Biogen, the laboratory behind aducanumab, began developing it in 2015, and over the years, development has been so bumpy that trials were canceled two years ago. This same November, the FDA rejected its approval.
And the (much discussed) clinical trials showed that patients who received the treatment experienced a significant reduction in beta-amyloid plaque; while the patients in the control group had no reduction. Finally and in the face of “an urgent need for treatments”, the drug has obtained accelerated approval for patients with Alzheimer’s in early-stage (and who experience mild cognitive impairment).
Dosage, Price, and Approvals
According to technical documents, aducanumab is administered intravenously once a month.

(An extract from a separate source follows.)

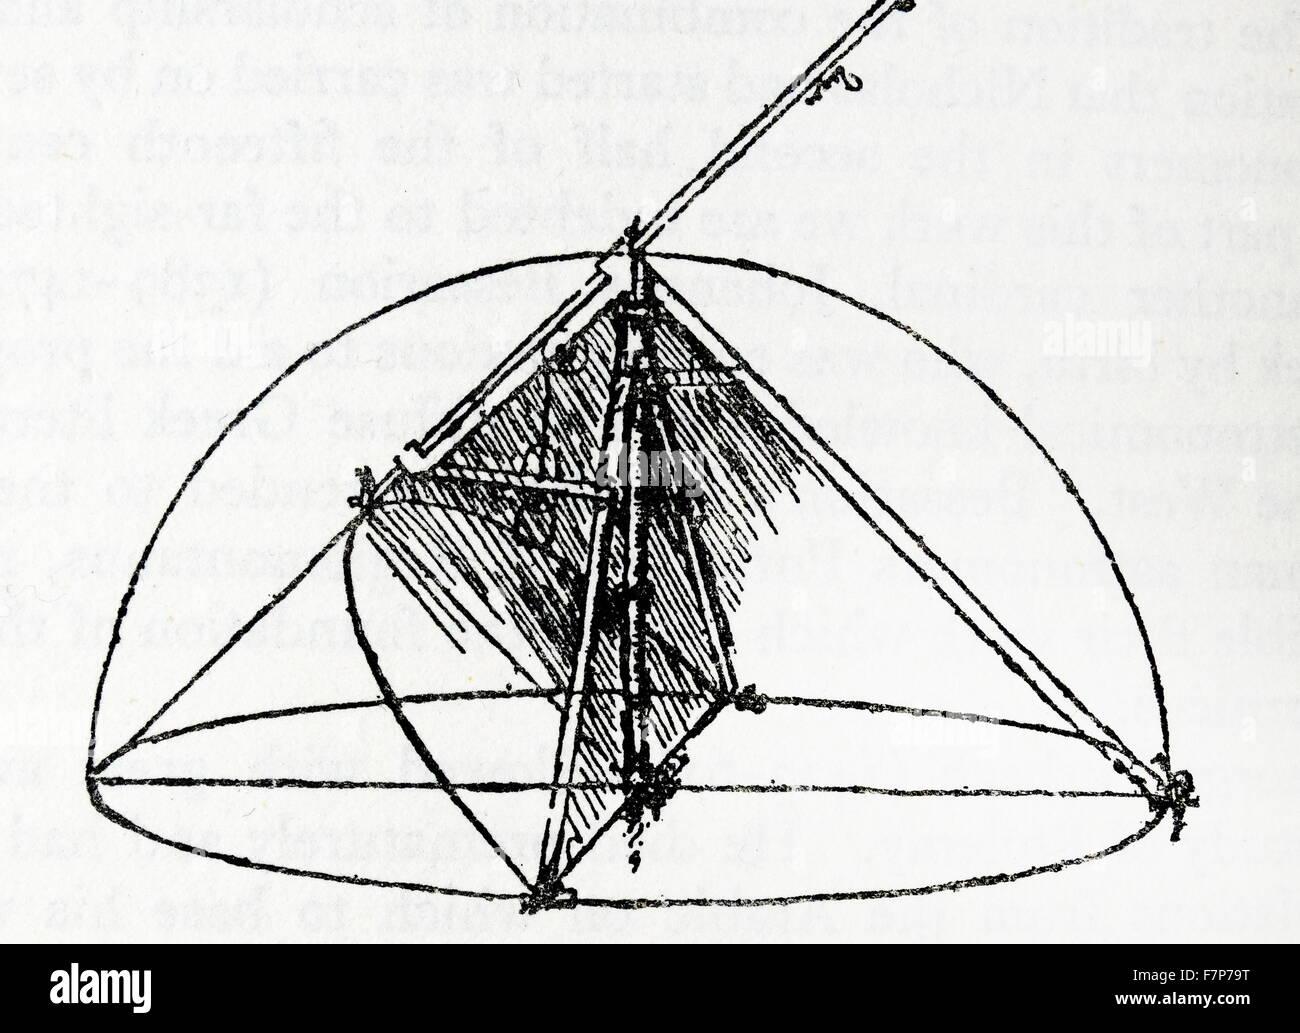 Parabolic Cinoass Leonardo da Vinci - Stock Image

In the US, each of these infusions will cost about $ 4,312. In Europe, the EMA admitted the drug for study at the end of 2020 and it is expected that we will soon have the decision on the table.
Will aducanumab change anything?
Beyond the efficacy of the drug (which, if the data are correct, could help many mild cases of the disease and delay its progression), the truth is that the main effect of aducanumab will be the stimulus it is causing in the development of drugs. A bad streak of two decades has been broken, it is time to make up for lost time using all available technologies.